Dutch professor of philosophy

Herman Philipse (born 13 May 1951) is a Dutch professor of philosophy at Utrecht University in the Netherlands. Philipse taught at Leiden University from 1986 until 2003 where he obtained his doctorate in 1983.

==Work==
Philipse has written many philosophical works in Dutch, including books on Husserl's early philosophy of logic, the role of certainty in Descartes' moral theory, and a widely read Atheist Manifesto (1995, 2004). In English, he has written over a dozen articles in philosophical journals, as well as a detailed assessment of Heidegger, Heidegger's Philosophy of Being: A Critical Interpretation. He has also written many commentaries for Dutch newspapers (most frequently as a regular contributor to the NRC Handelsblad) and current events television programs, defending atheism and advocating cultural assimilation for non-European immigrants in the Netherlands.

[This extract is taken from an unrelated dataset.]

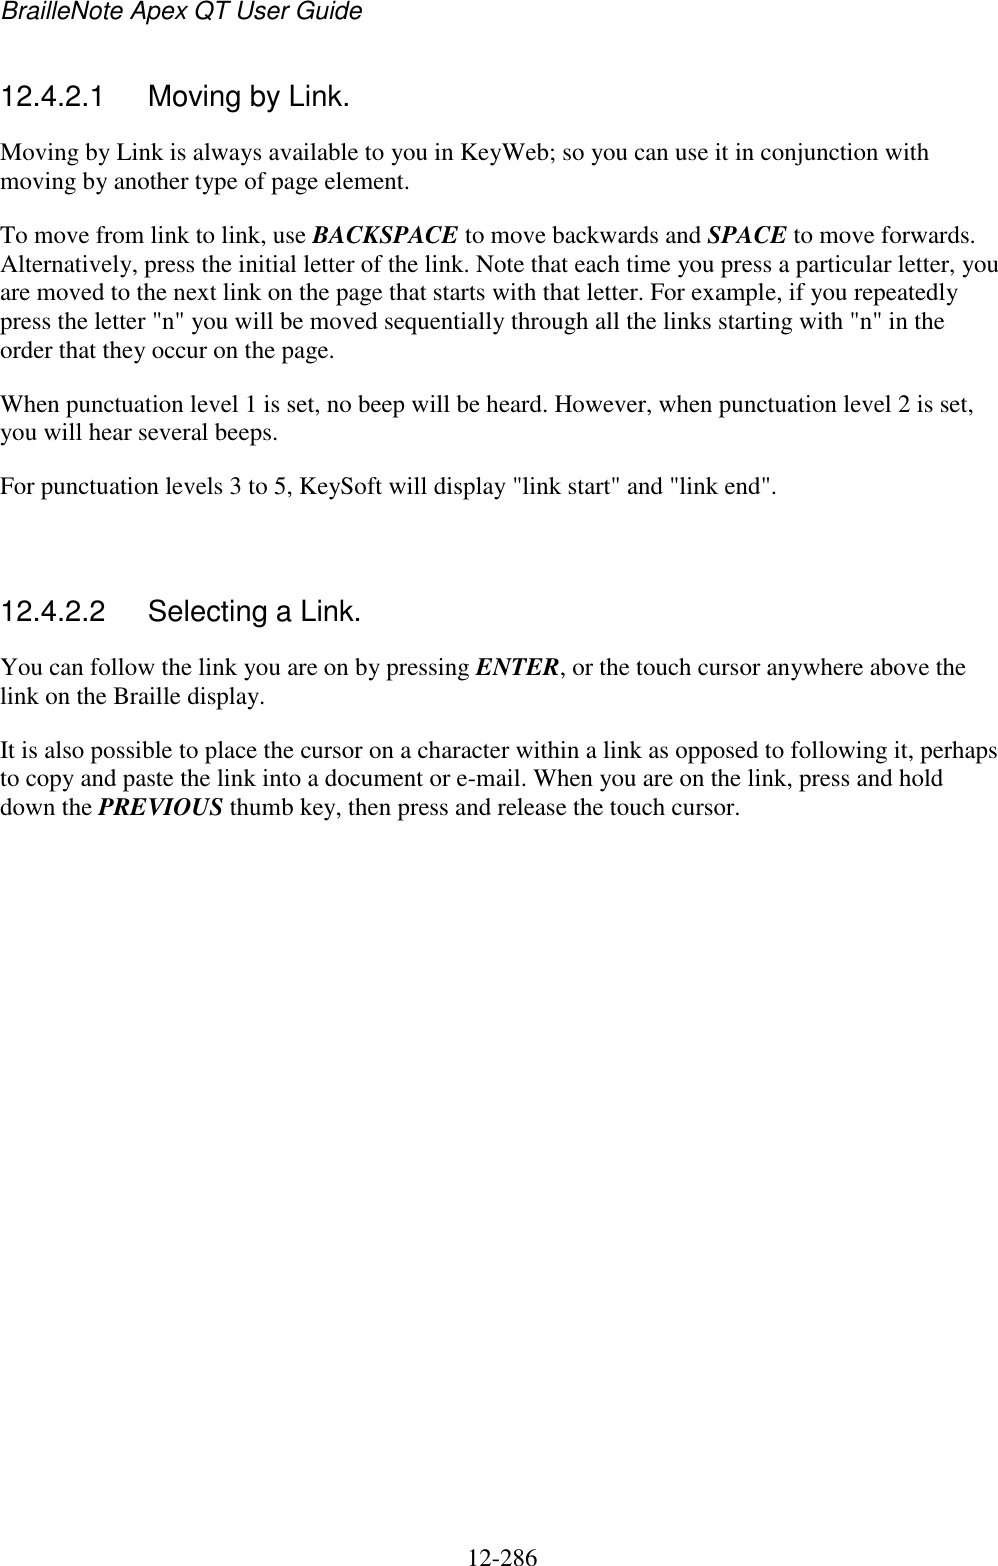 BrailleNote Apex QT User Guide  12-286   12.4.2.1  Moving by Link. Moving by Link is always available to you in KeyWeb; so you can use it in conjunction with moving by another type of page element. To move from link to link, use BACKSPACE to move backwards and SPACE to move forwards. Alternatively, press the initial letter of the link. Note that each time you press a particular letter, you are moved to the next link on the page that starts with that letter. For example, if you repeatedly press the letter &quot;n&quot; you will be moved sequentially through all the links starting with &quot;n&quot; in the order that they occur on the page. When punctuation level 1 is set, no beep will be heard. However, when punctuation level 2 is set, you will hear several beeps. For punctuation levels 3 to 5, KeySoft will display &quot;link start&quot; and &quot;link end&quot;.   12.4.2.2  Selecting a Link. You can follow the link you are on by pressing ENTER, or the touch cursor anywhere above the link on the Braille display. It is also possible to place the cursor on a character within a link as opposed to following it, perhaps to copy and paste the link into a document or e-mail. When you are on the link, press and hold down the PREVIOUS thumb key, then press and release the touch cursor.

In his philosophical work, Philipse defends a non-reductionist naturalism, akin to that of Gilbert Ryle, Peter Strawson, and P.M.S. Hacker. While highly critical of the transcendental idealist tradition of Kant and Husserl for its incoherent notion of conceptual schemes, Philipse argues that scientistic philosophies that attempt to reduce consciousness to purely physical descriptions (such as those of Quine and Churchland) fall victim to a similar inconsistency: their theories logically depend on the concepts of ordinary human life they would abolish. More generally, Philipse firmly defends the values of the Enlightenment: support for the natural sciences and political liberalism.

In 2012, he published God in the Age of Science. A Critique of Religious Reason.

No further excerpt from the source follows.